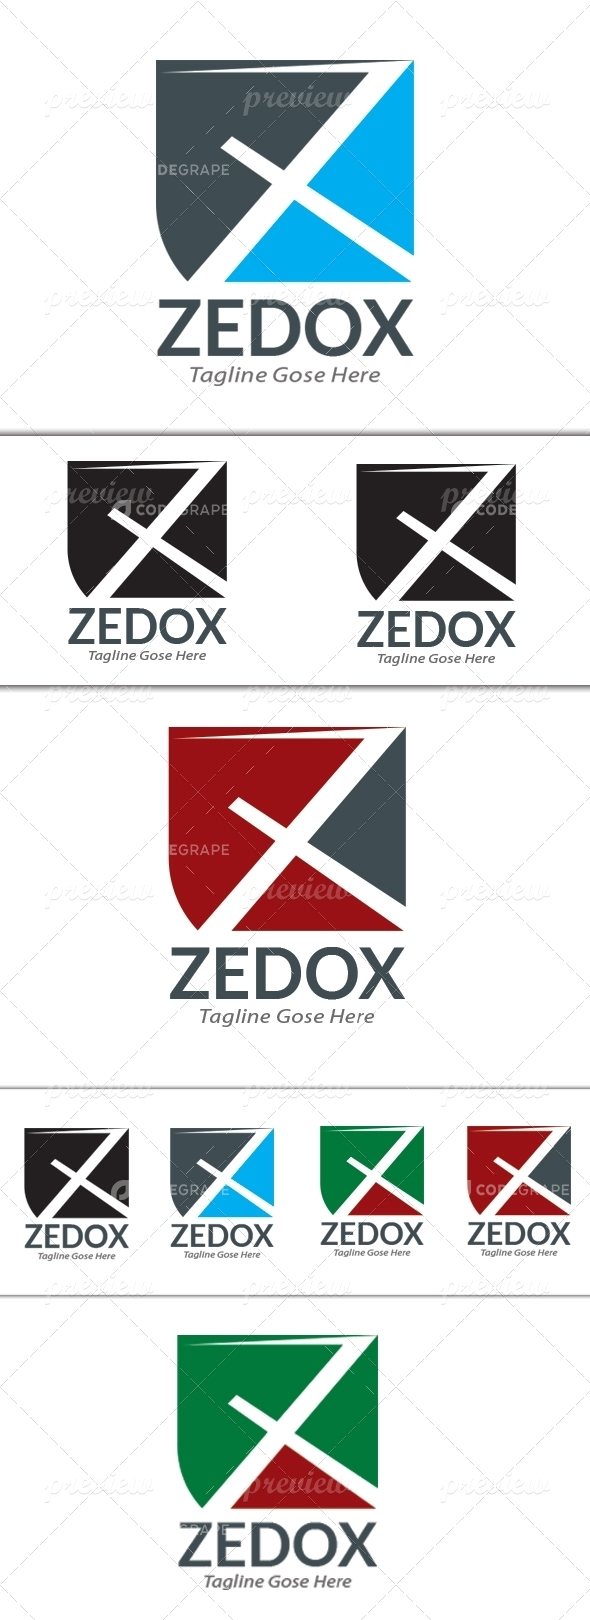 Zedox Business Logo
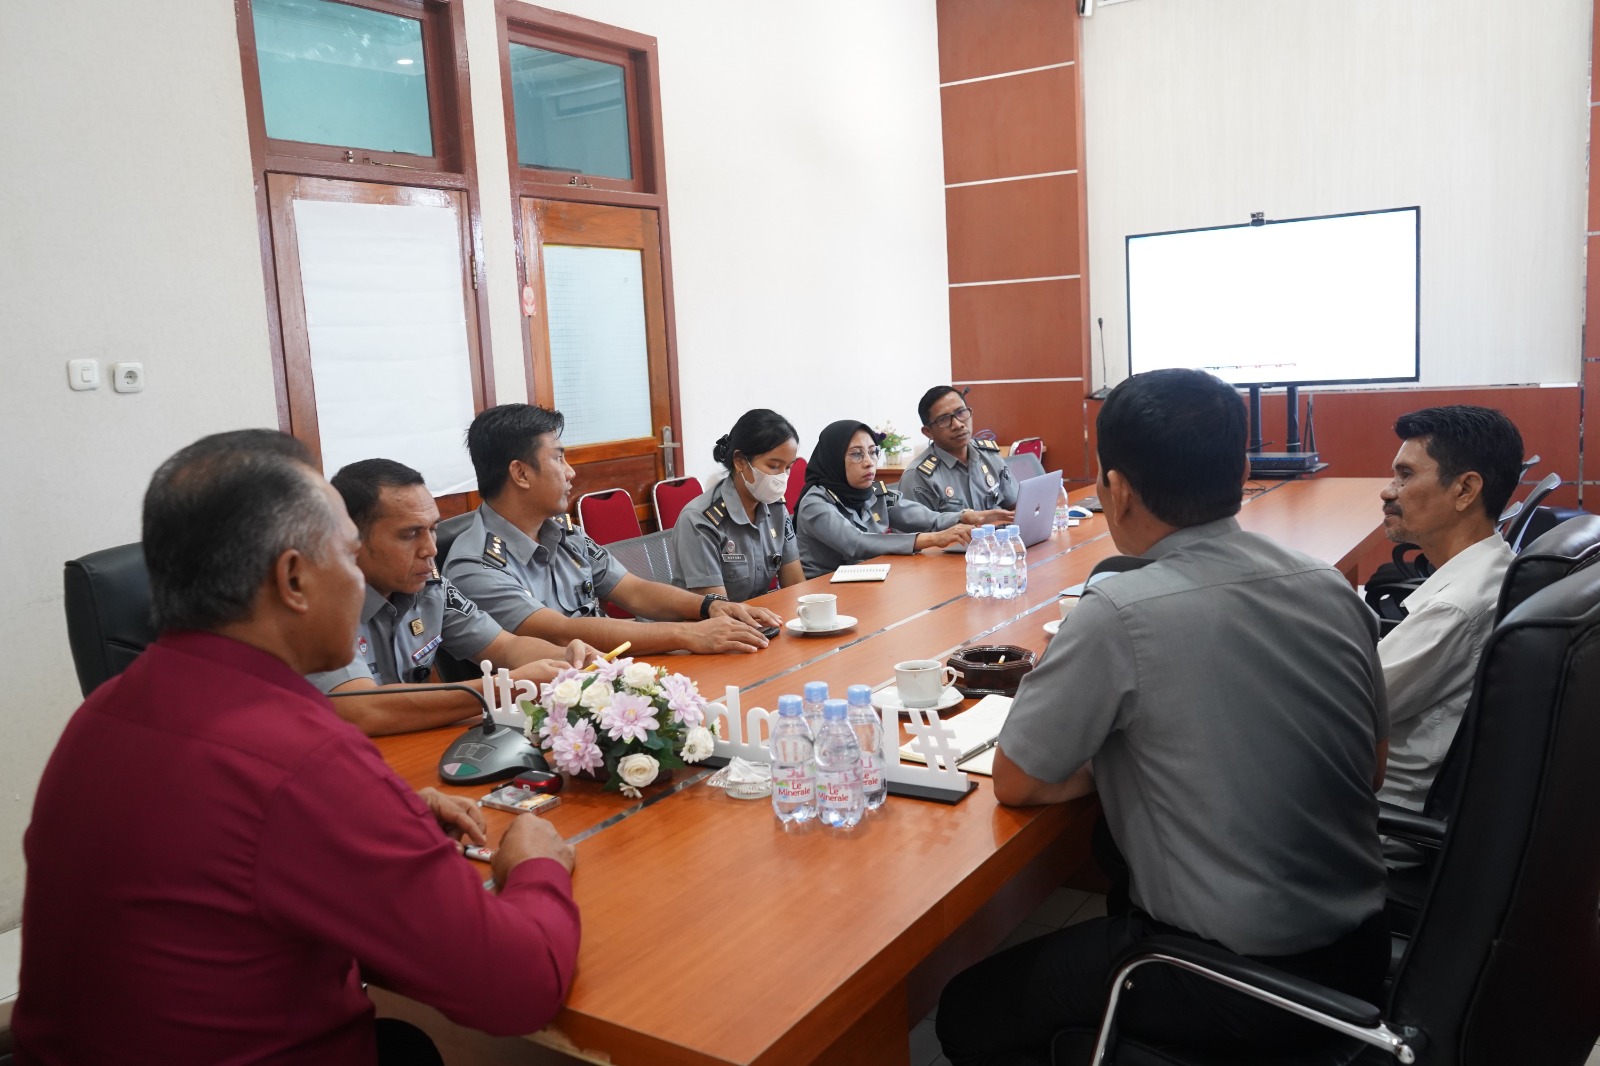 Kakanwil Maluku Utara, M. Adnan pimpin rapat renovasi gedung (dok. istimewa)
------------
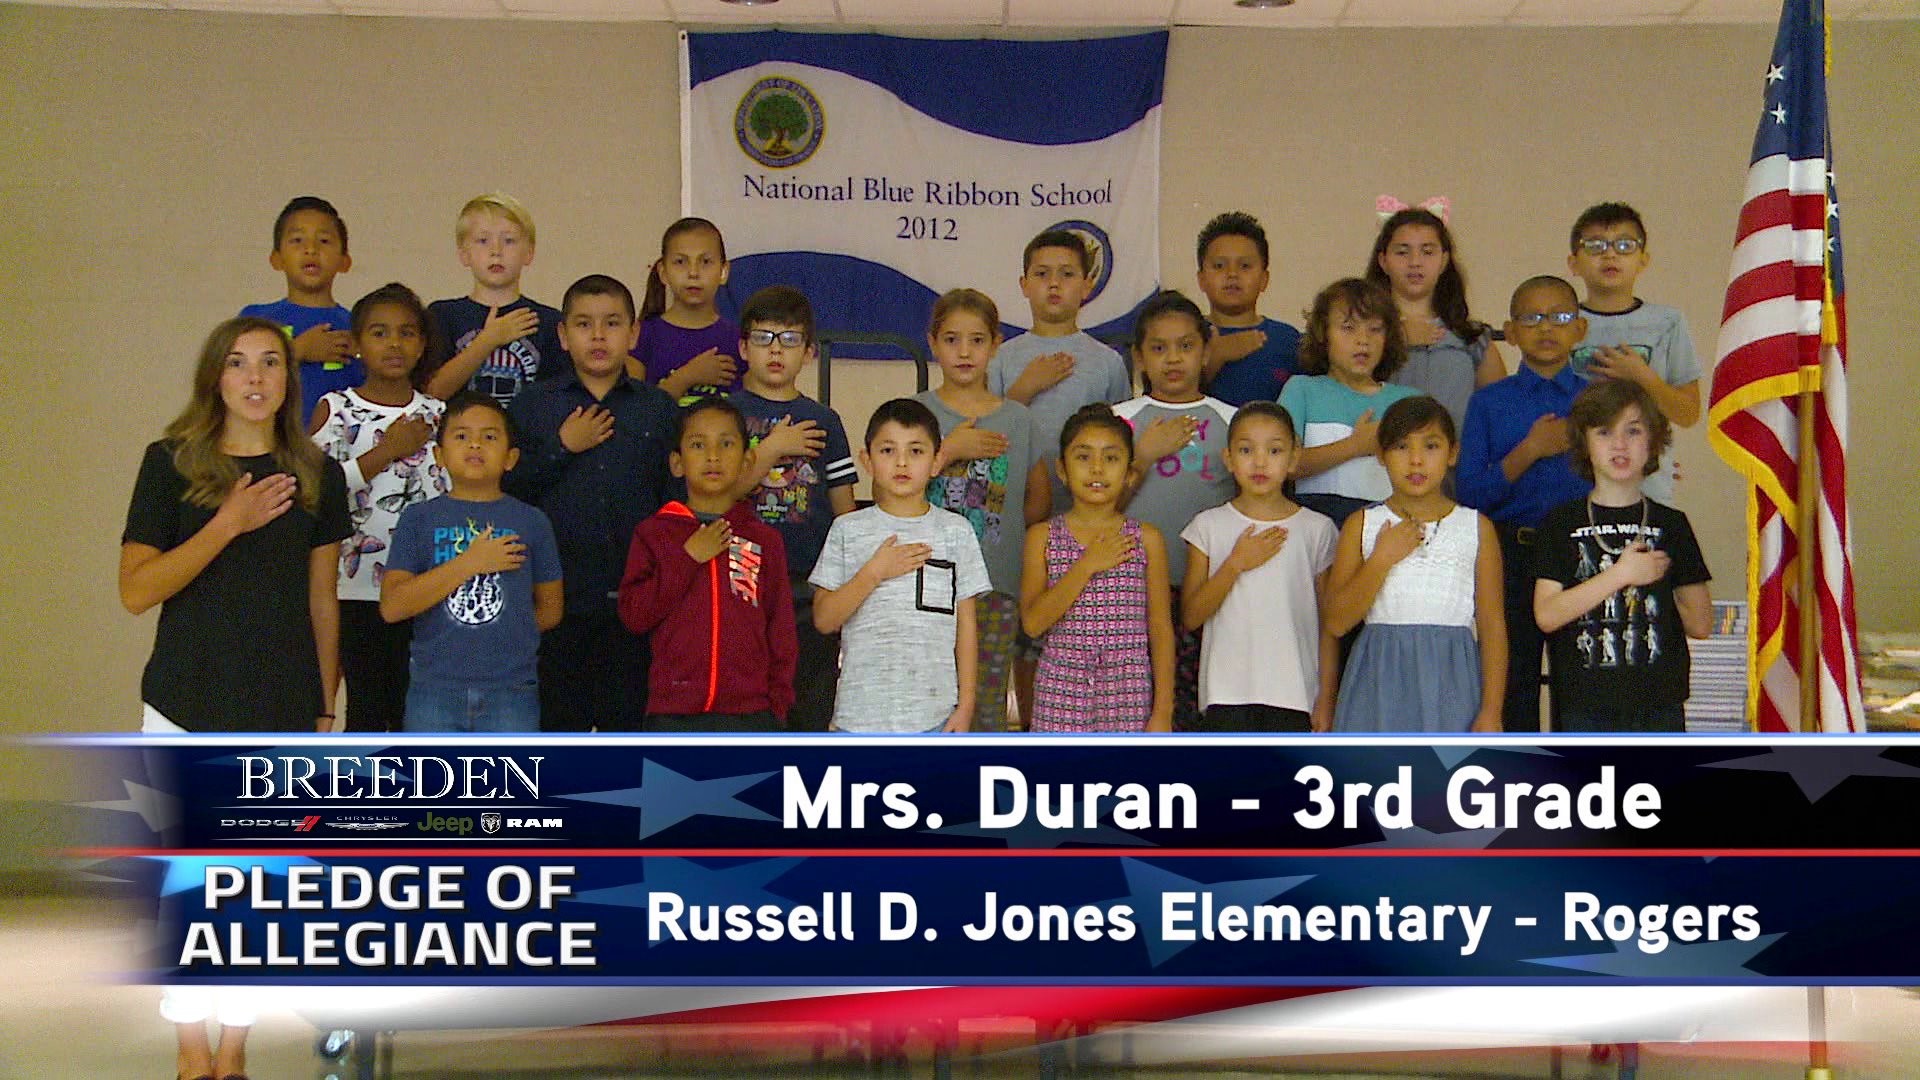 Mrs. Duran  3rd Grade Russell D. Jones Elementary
------------
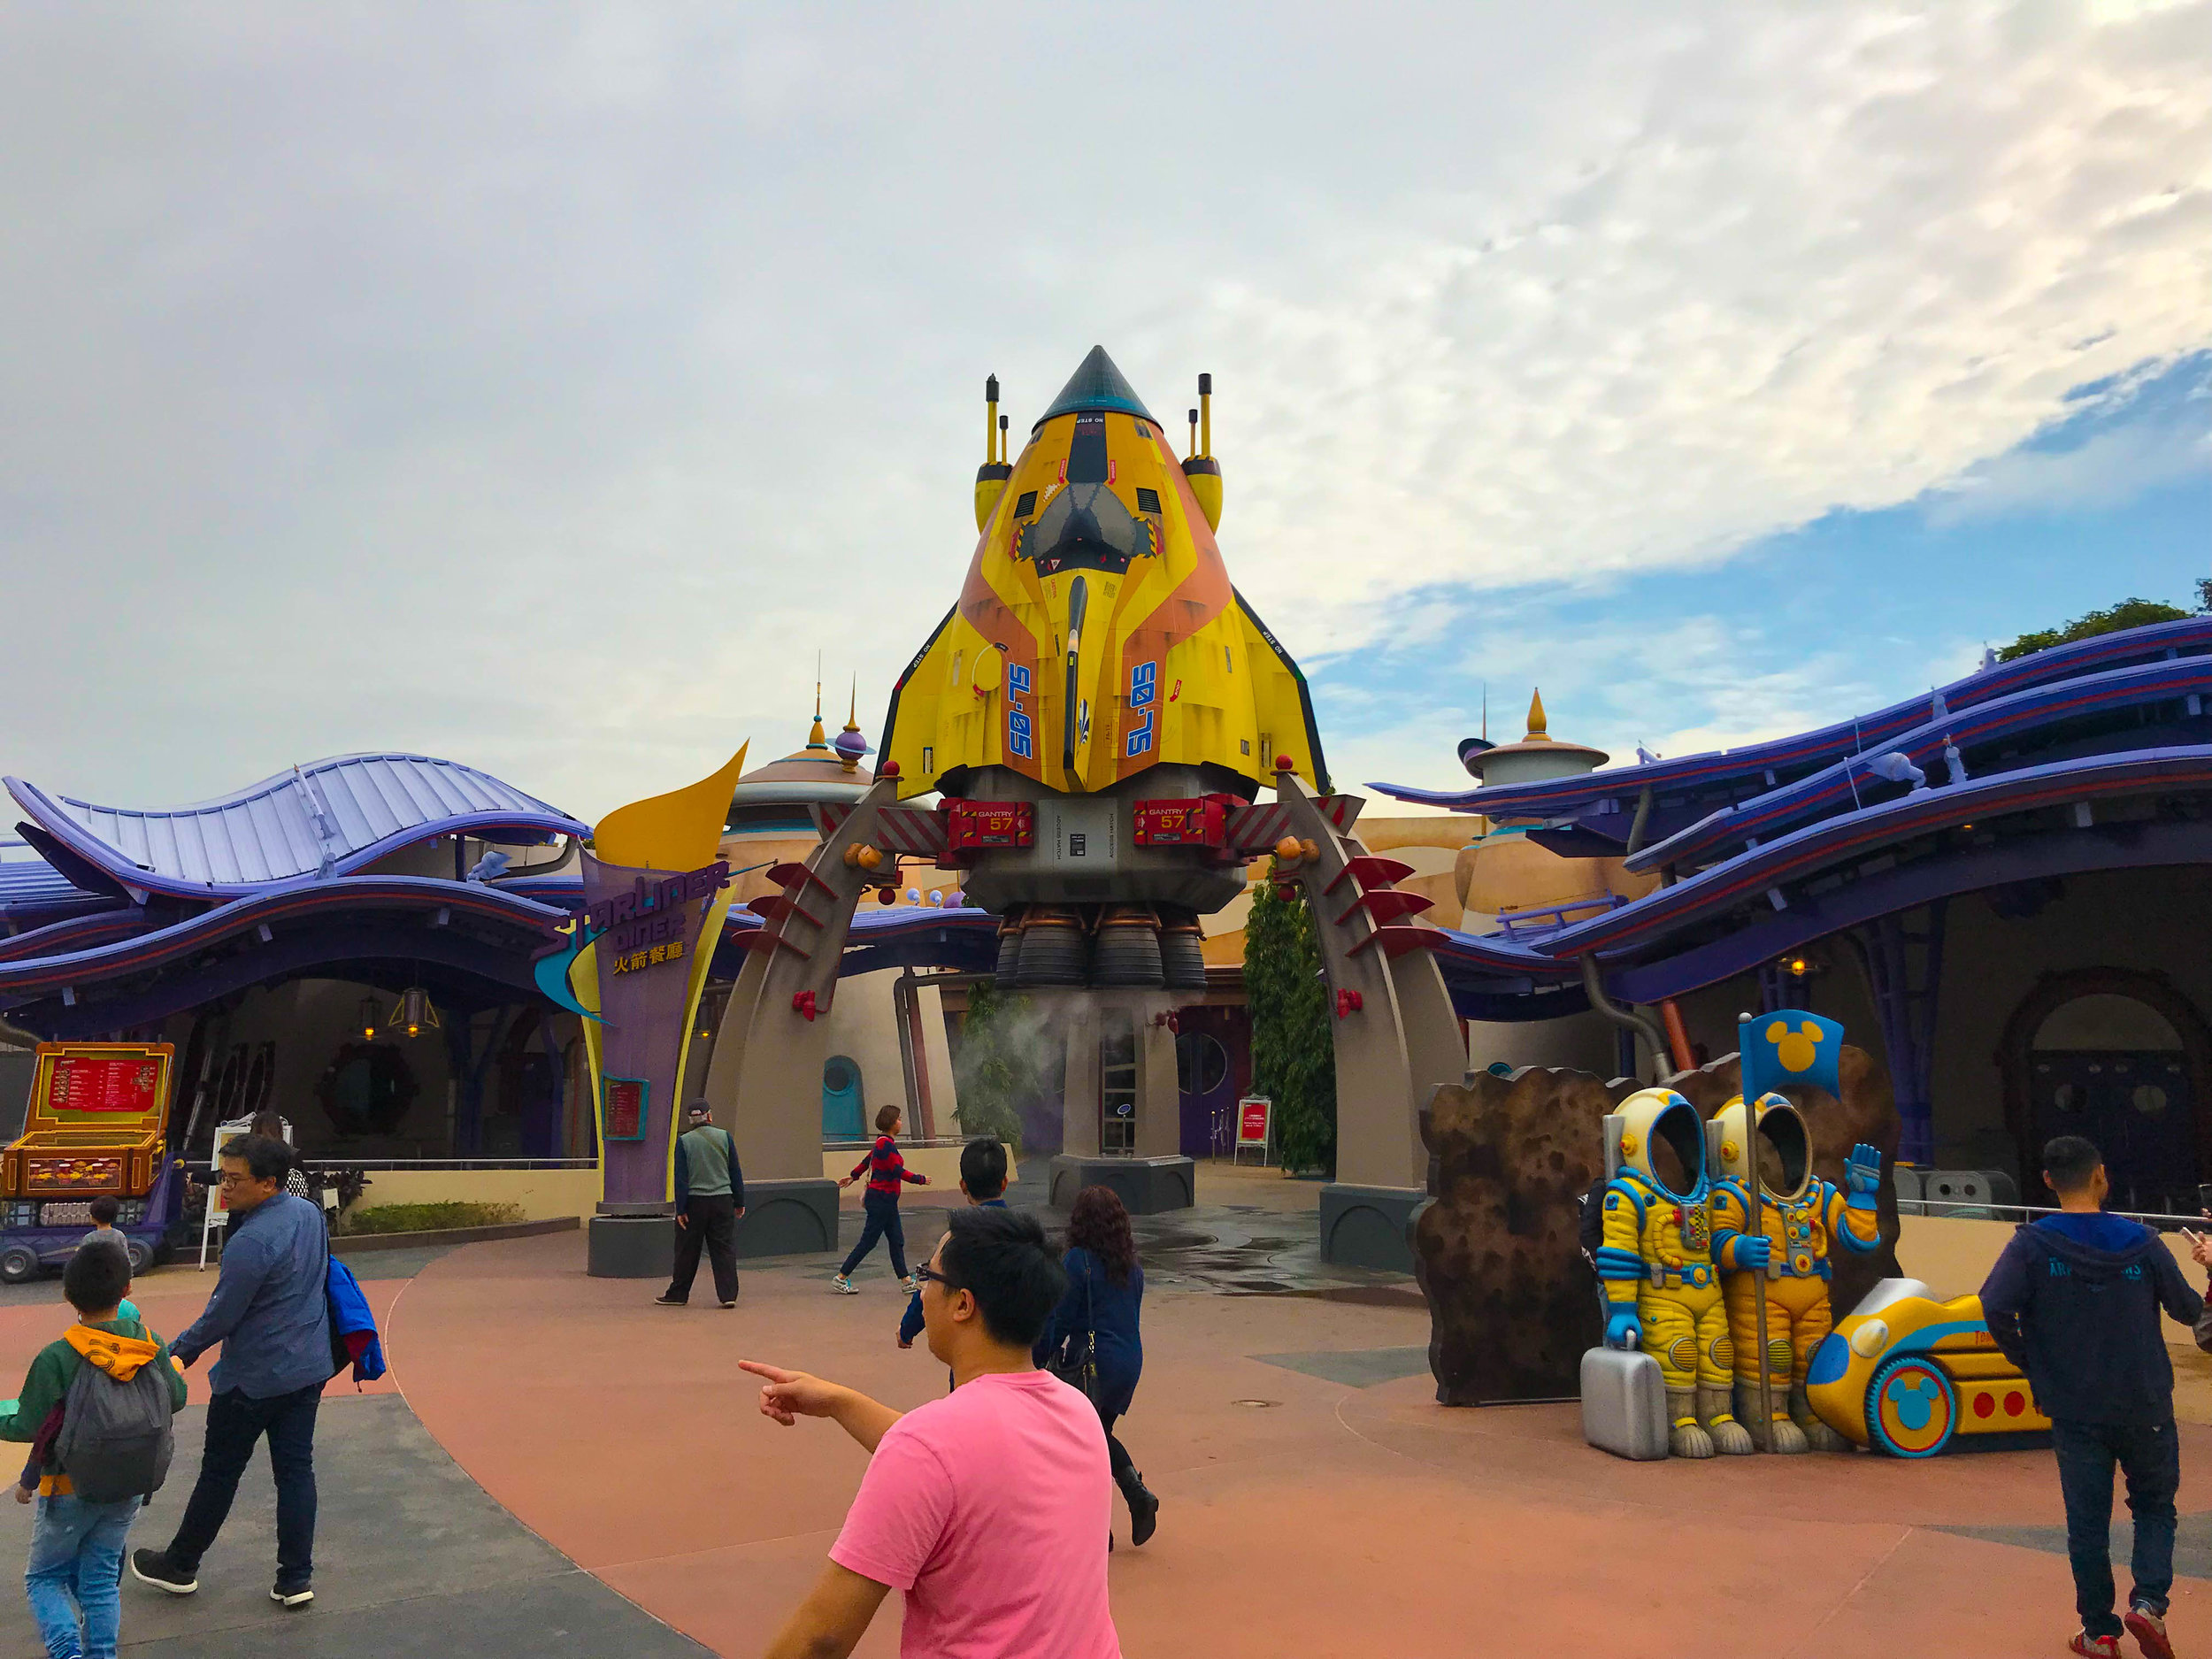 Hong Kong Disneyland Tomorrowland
------------
Task → The answer is the lines of the material above, from the one containing "Zedox Business Logo" down to the one containing "Kakanwil Maluku Utara, M.", given exactly and without images.

Task answer →
 Zedox Business Logo
 Kakanwil Maluku Utara, M. Adnan pimpin rapat renovasi gedung (dok. istimewa)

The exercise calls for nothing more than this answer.